Schutzinstrumente – für bzw. gegen Innovation

Für viele Startup-Gründer gehört es zu den drängendsten Fragen, wie sie ihre Innovationen schützen können. In der Law Clinic des Forschungsprojektes „Innovation und Entrepreneurship“ des Alexander von Humboldt-Institut für Internet und Gesellschaft rangiert das Thema unter den Top 3 der Rechtsfragen, die in den Clinic Sessions behandelt werden. Dabei geht es meistens darum, wie man die eigenen Innovationen schützen kann. Erst im Laufe des Gesprächs stellt sich dann heraus, dass das Recht auch die Innovationen der Anderen schützen könnte – und zwar vor einem selbst.
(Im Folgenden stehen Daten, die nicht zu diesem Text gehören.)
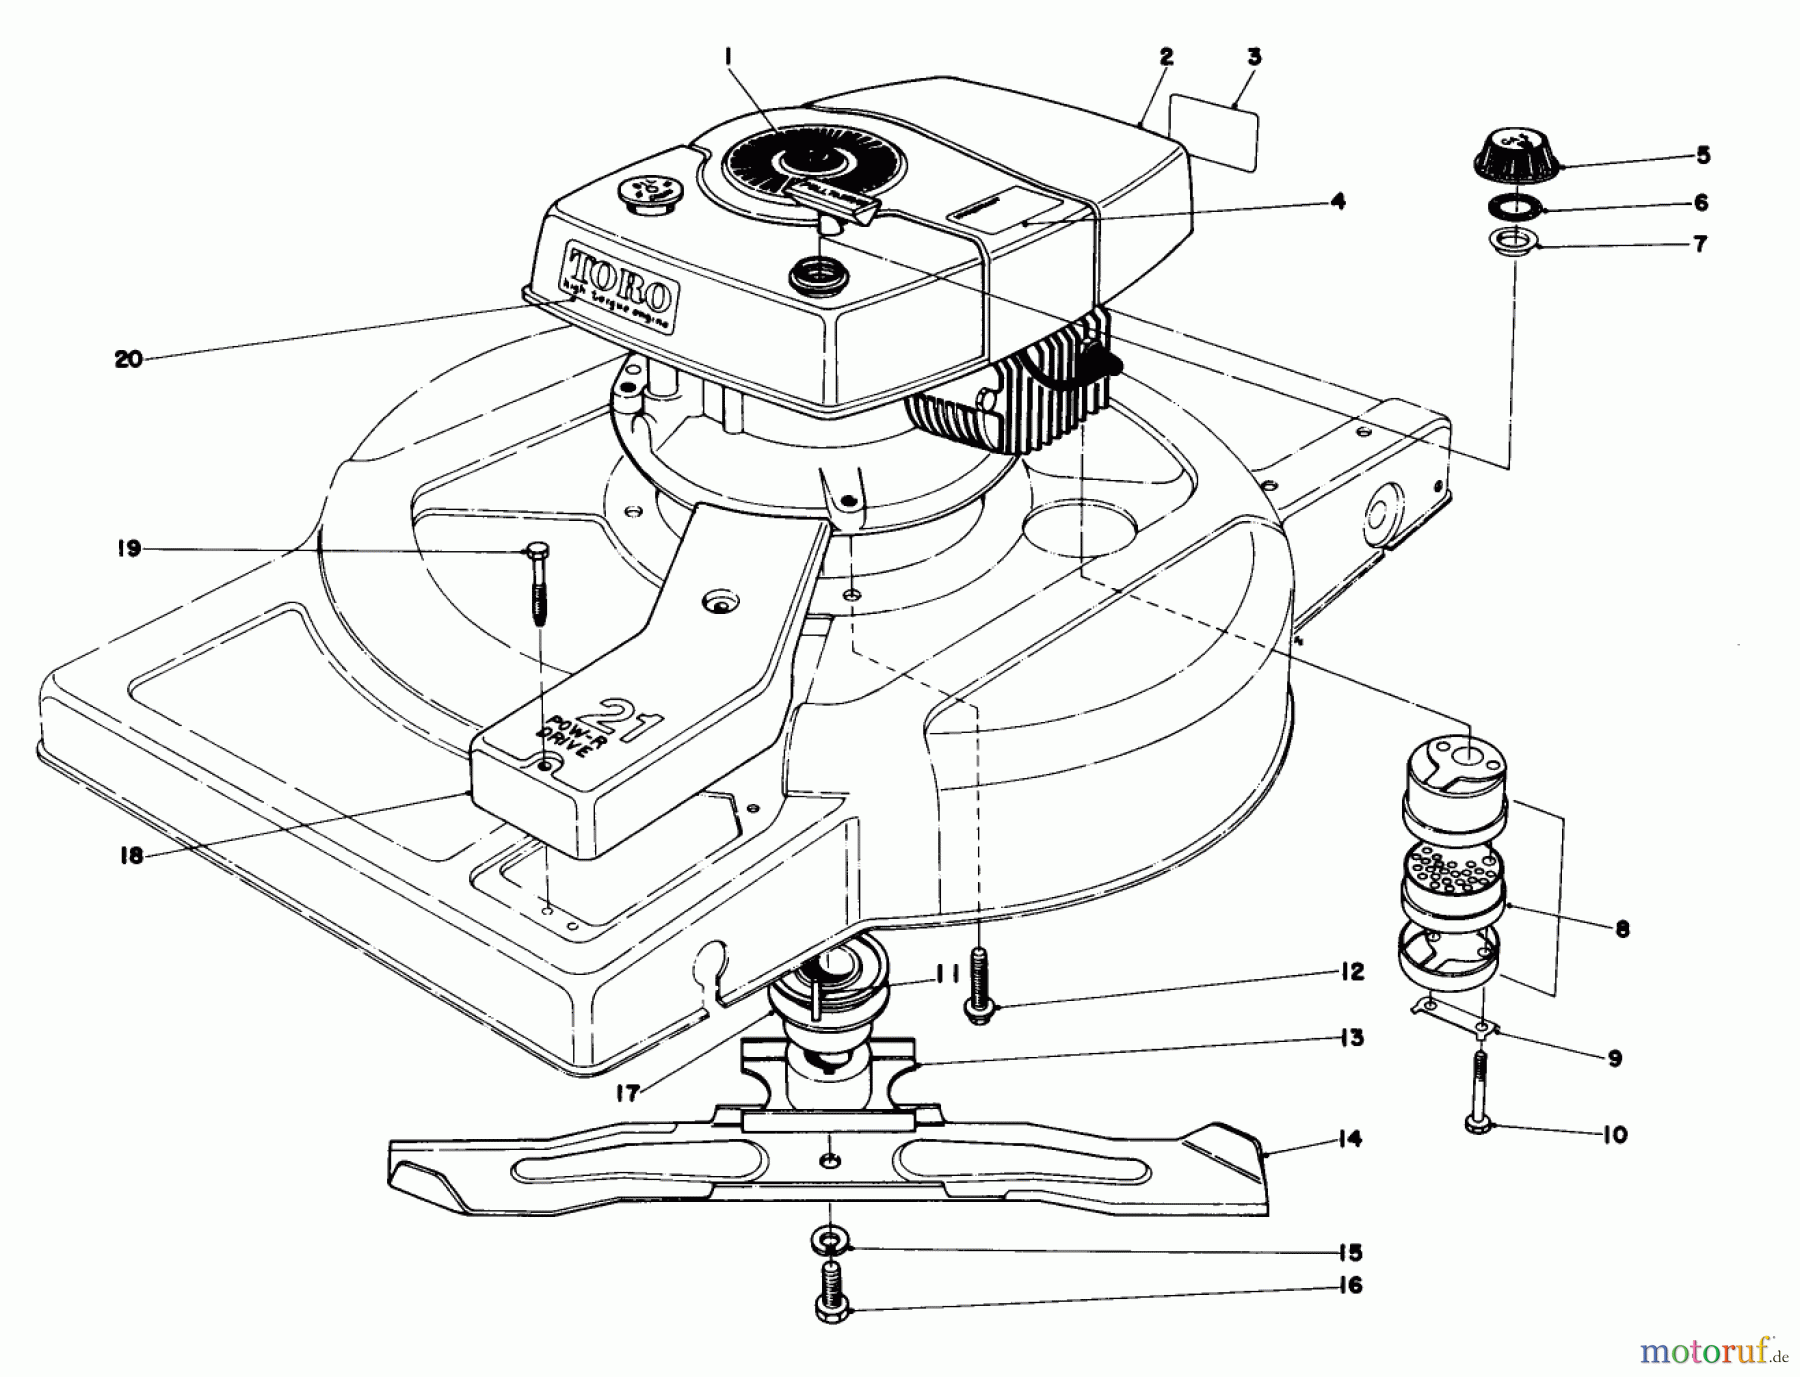  Toro Neu Mowers, Walk-Behind Seite 1 18015 - Toro Lawnmower, 1978 (8000001-8999999) ENGINE ASSEMBLY MODEL 18060

Die Zweischneidigkeit des Innovationsschutzes hatte ich selbst am Beispiel meines eigenen Startups MAUERSCHAU erlebt. In unserer MAUERSCHAU-App machen wir das historische Berlin über Augmented Reality und Originalfotos wieder sichtbar. Zudem führen Zeitzeugen die Nutzer im Rahmen ortsgebundener Interviews zu den Orten des historischen Geschehens. Eine Art digitaler Stadtführer. Diese Idee hielten wir zum Förderzeitpunkt im März letzten Jahres für so einzigartig, dass wir es kaum glauben konnten, als plötzlich immer mehr Startups und Projekte mit ähnlichen Ideen wie Pilze aus dem Boden schossen. Unsere erste Vermutung war, dass Leute aus diesen Unternehmen unser Konzept „gestohlen“ haben mussten. Immerhin hatten wir es an etliche Sponsoren und potentielle Kooperationspartner verteilt. Doch in Wahrheit liegen viele Ideen in der Luft. In den allermeisten Fällen setzen sie sich aus vorbekannten Elementen zusammen, die in neuen Kontexten immer wieder anders kombiniert werden. Hatten wir doch selbst die Idee zu unserer Mauerschau von vorbestehenden Werken und Ideen übertragen: Zunächst legte schon die Technik Augmented Reality die Bereitstellung von Fotos an den Orten ihrer Aufnahme nahe. Der Anwendungsfall Berlin drängte sich uns gerade auf, unterliegt dessen kulturelles Erbe doch wie keine andere Stadt dem Zeitenwandel. Zu der Idee, mit Zeitzeugen ortsgebundene Dokumentarfile zu drehen, inspirierte uns schließlich das Kunstwerk von Janett Cardiff und Georges Bures Miller „Alter Bahnhof Video Walk“, das die beiden Künstler auf der dOCUMENTA (13) ausgestellt hatten. Hätten diese beiden Künstler und erste Erfinder bzw. Anwender von Augmented Reality-Techniken unsere MAUERSCHAU rechtlich verhindern können?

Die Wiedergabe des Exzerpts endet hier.